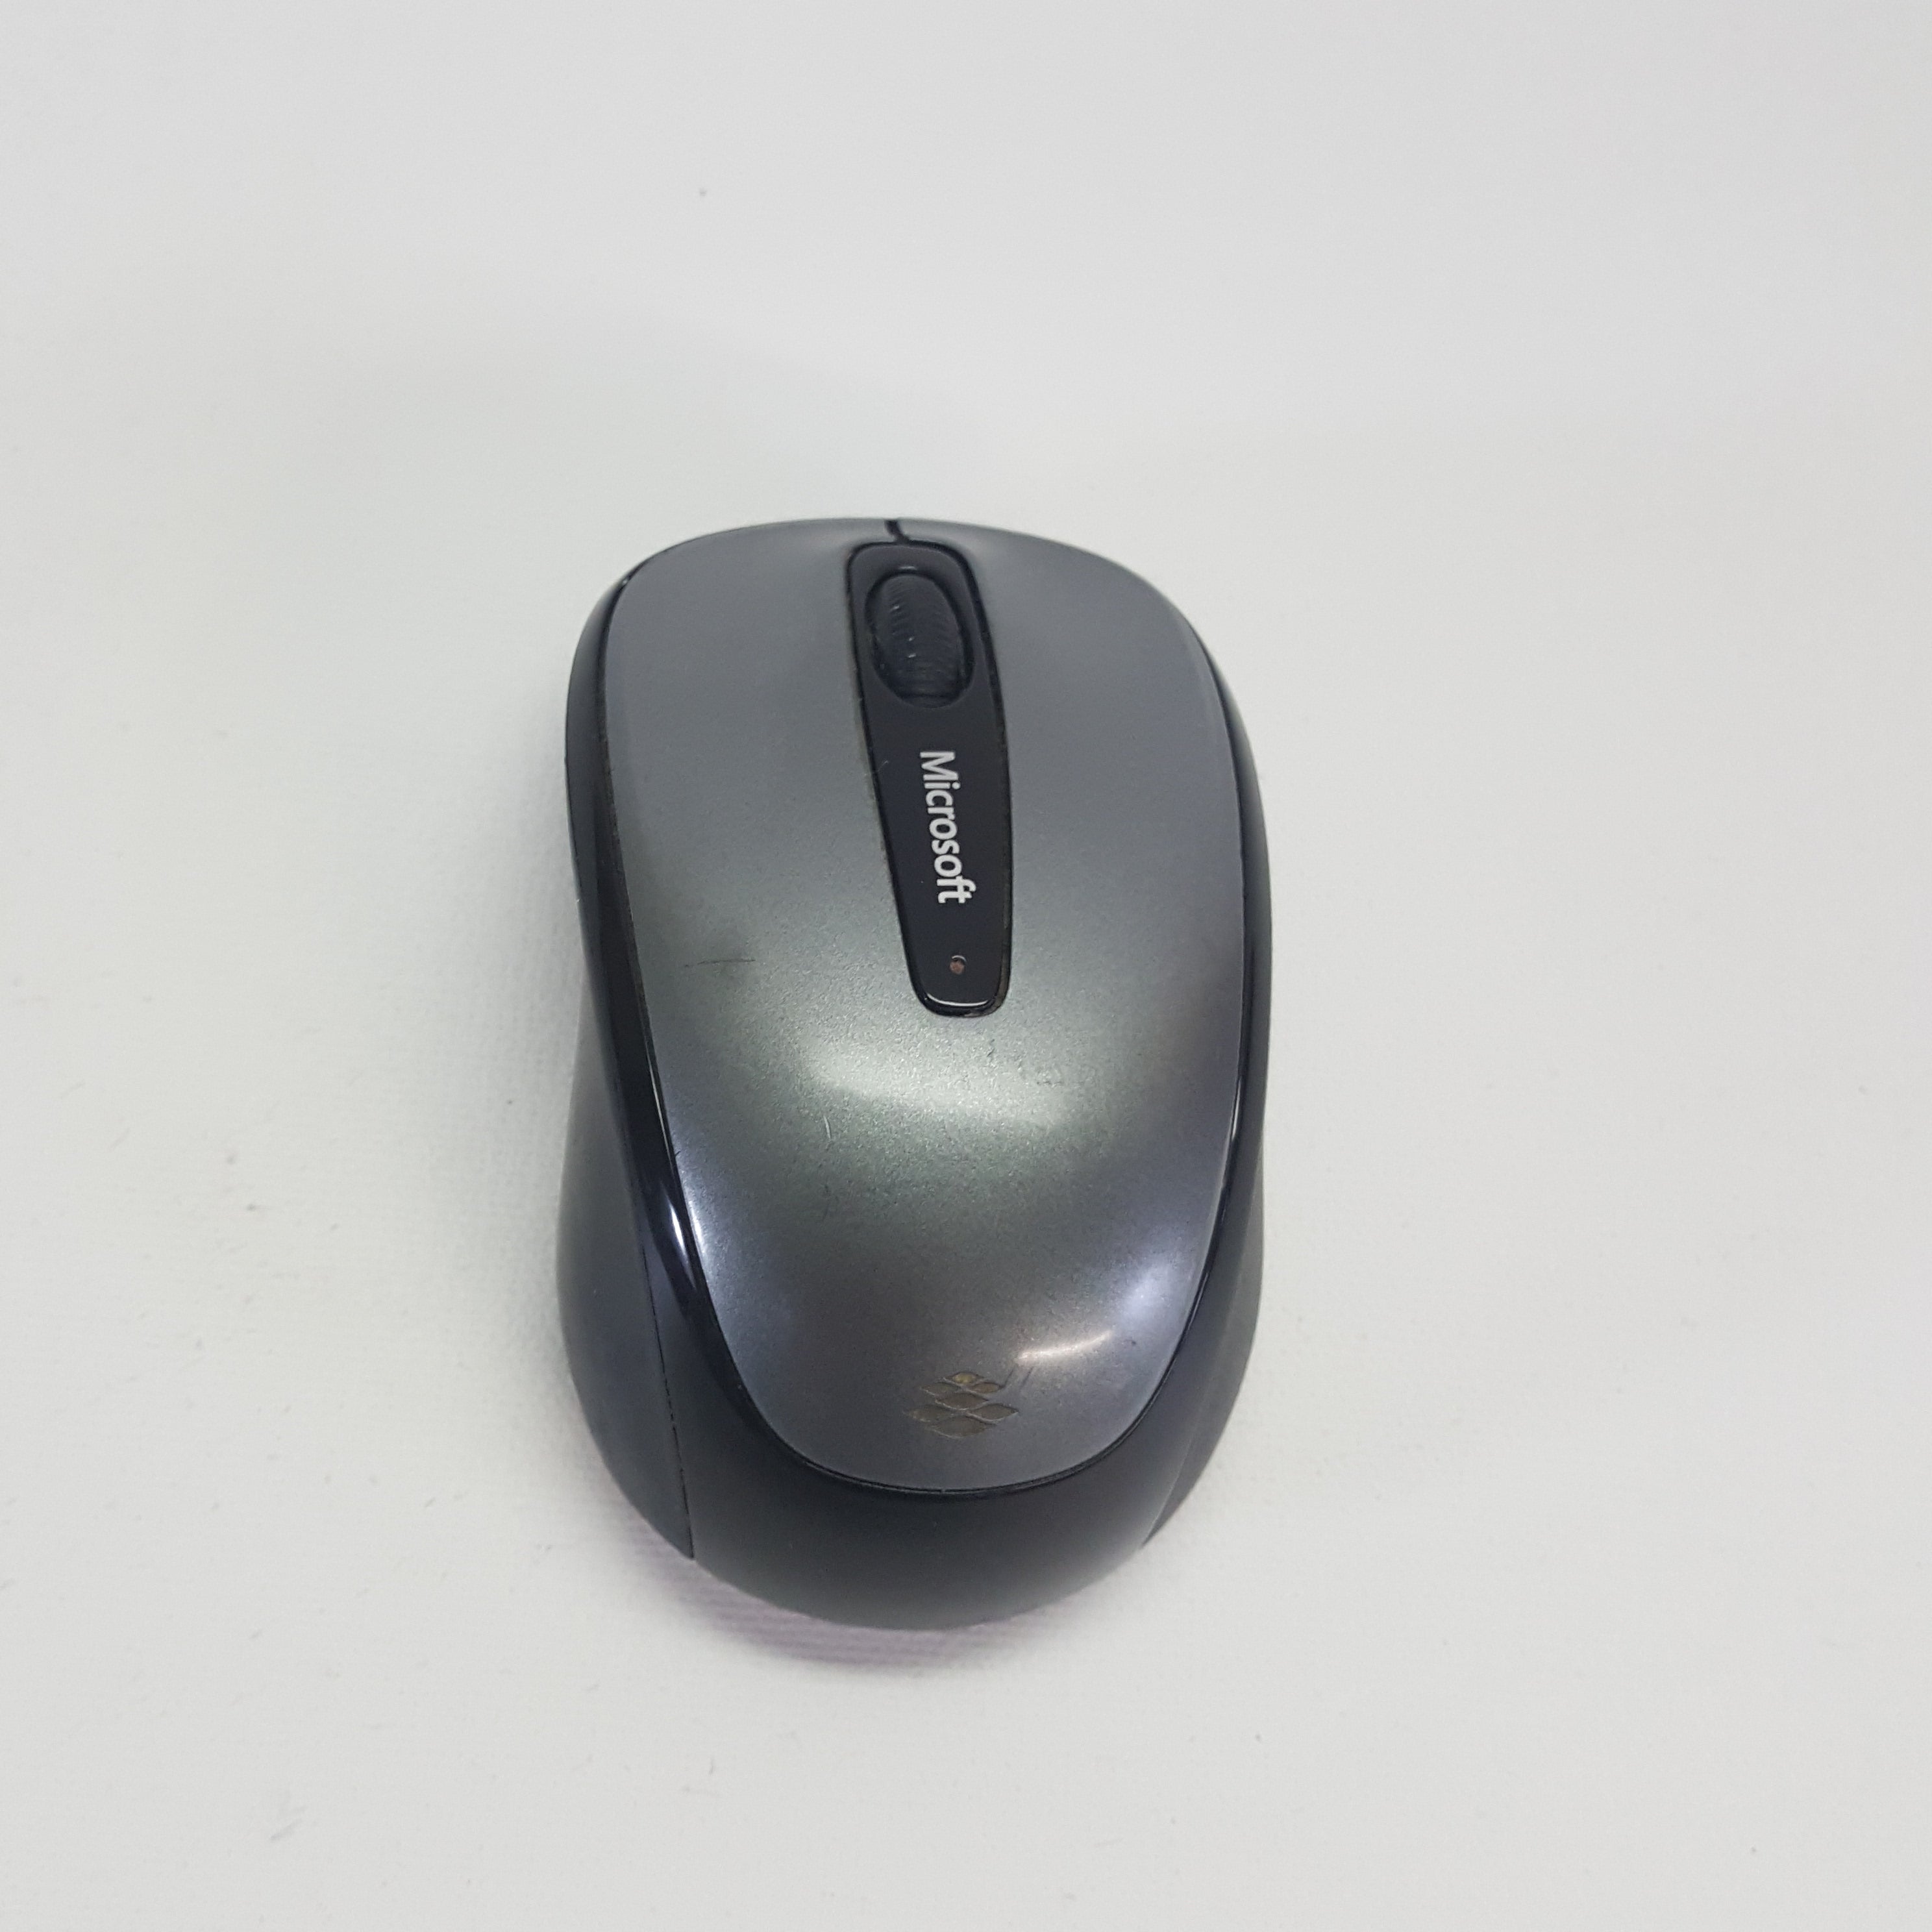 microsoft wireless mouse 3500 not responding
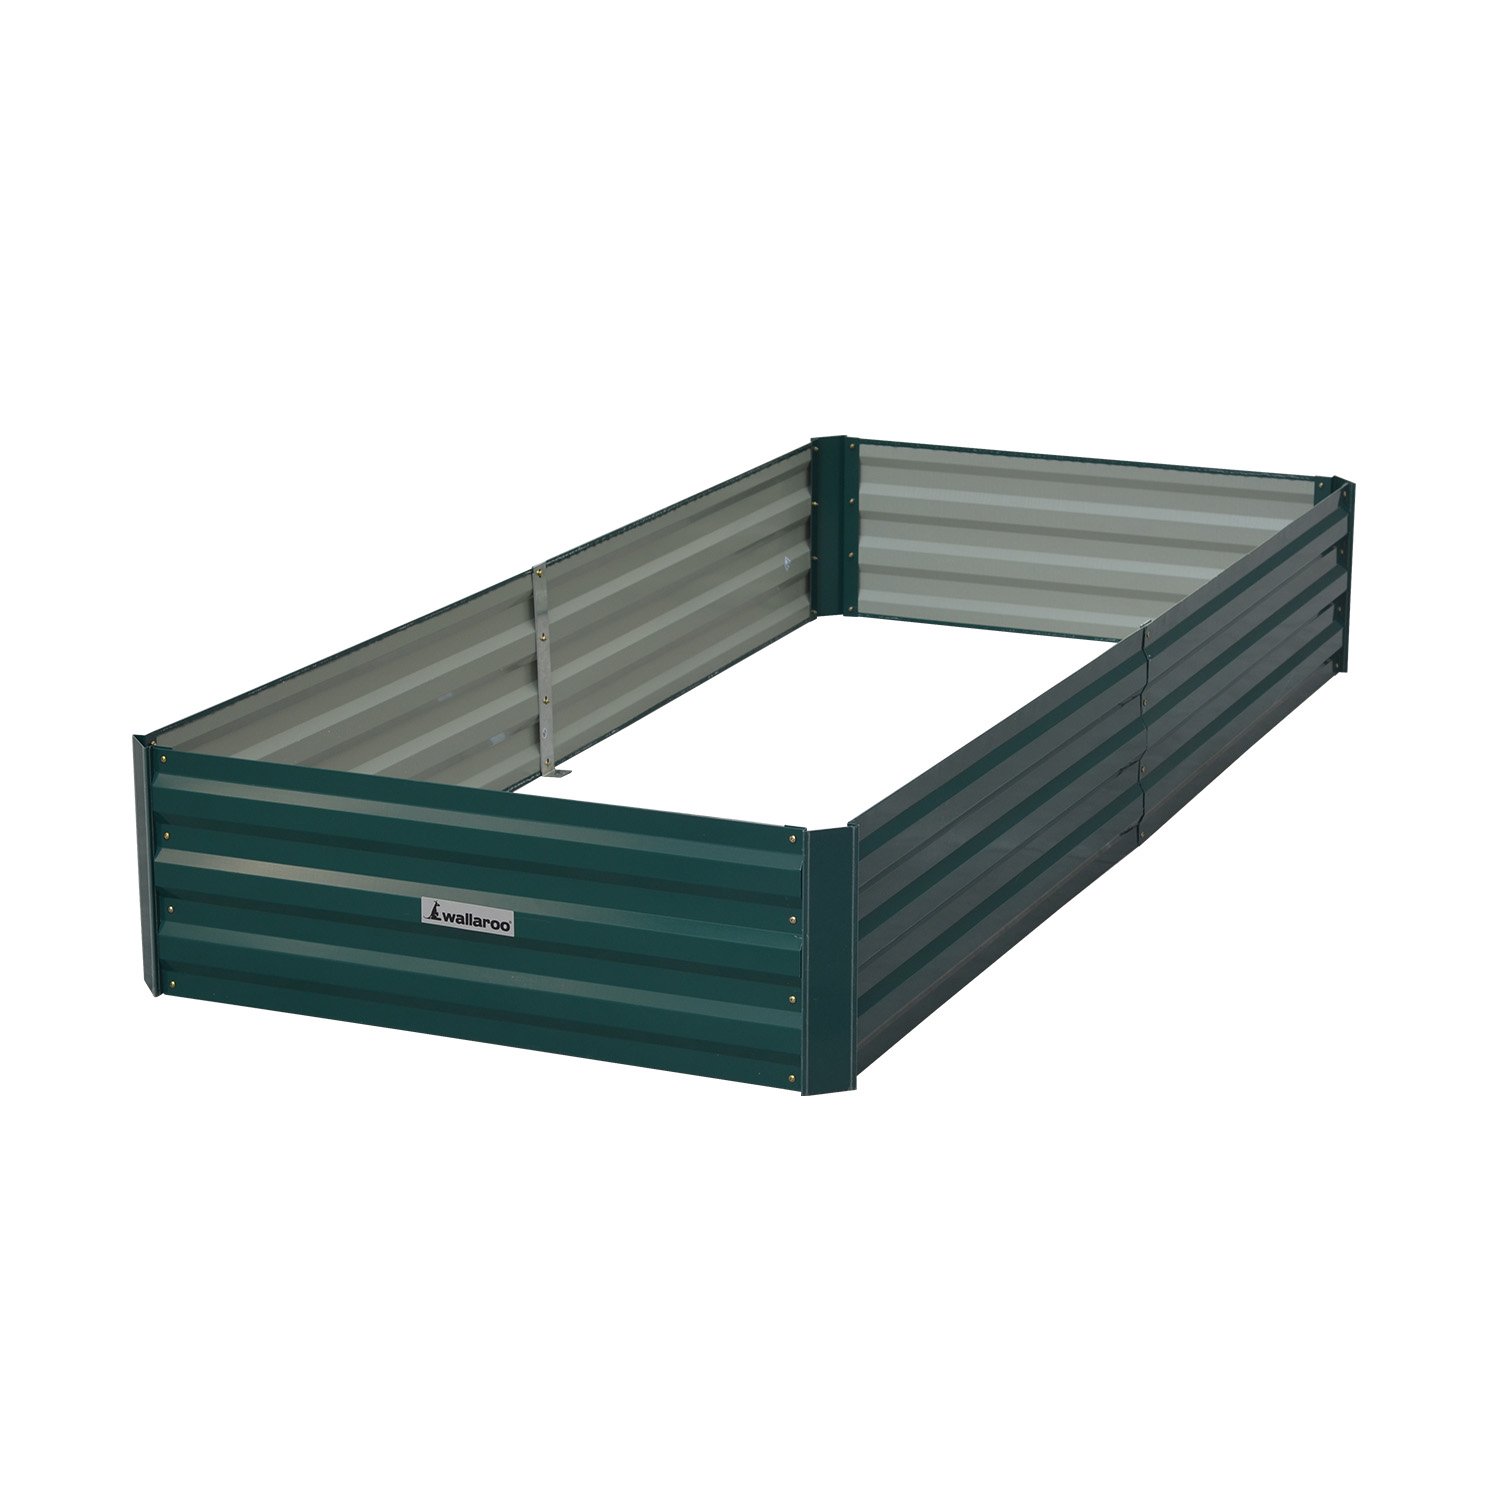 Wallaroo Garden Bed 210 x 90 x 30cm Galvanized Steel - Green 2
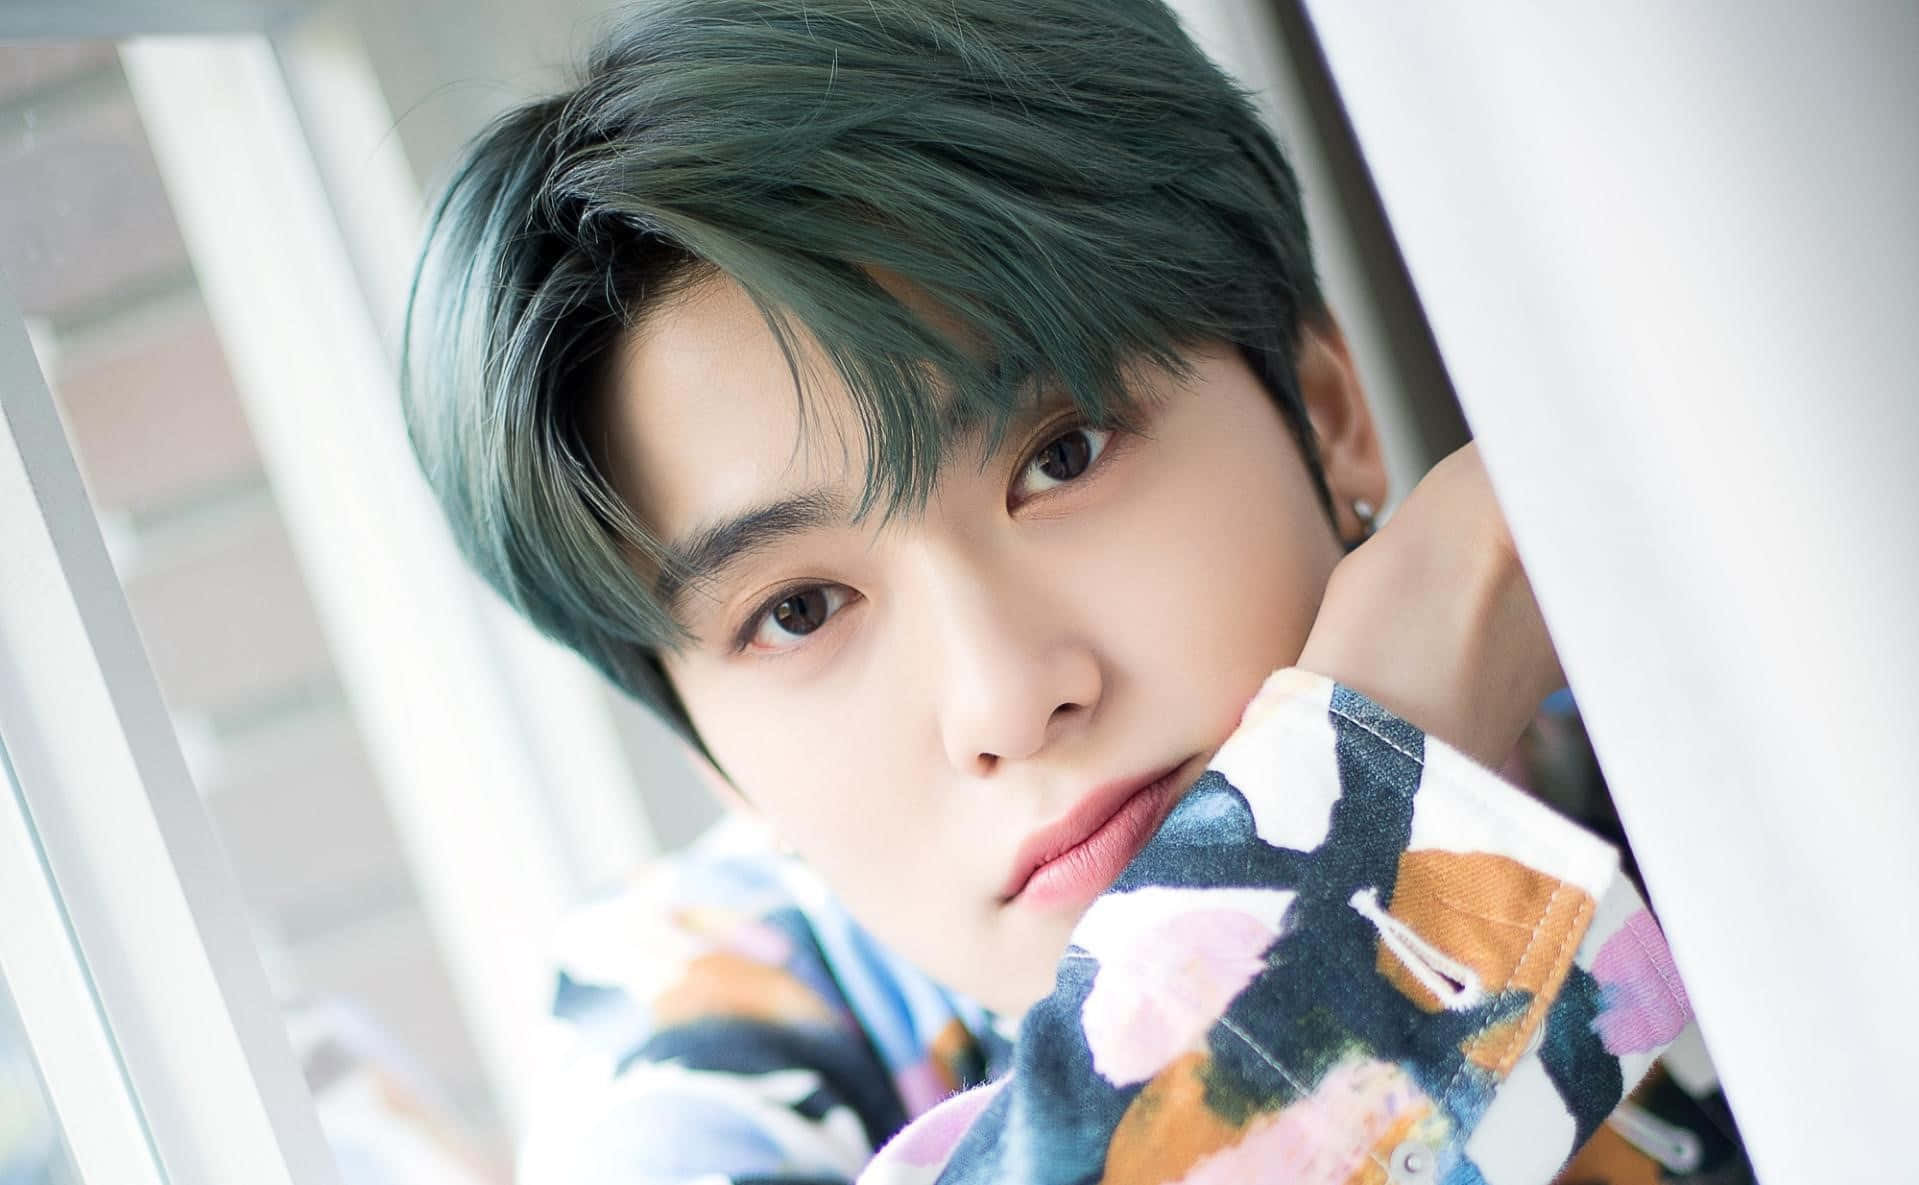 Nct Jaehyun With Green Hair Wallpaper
===============
- WHAT YOU NEED TO DO -
Repeat the listing word for word, and skip every picture it contains.

- RESULT BELOW -
 microsoft wireless mouse 3500 not responding
 Wallaroo Garden Bed 210 x 90 x 30cm Galvanized Steel - Green 2
 Nct Jaehyun With Green Hair Wallpaper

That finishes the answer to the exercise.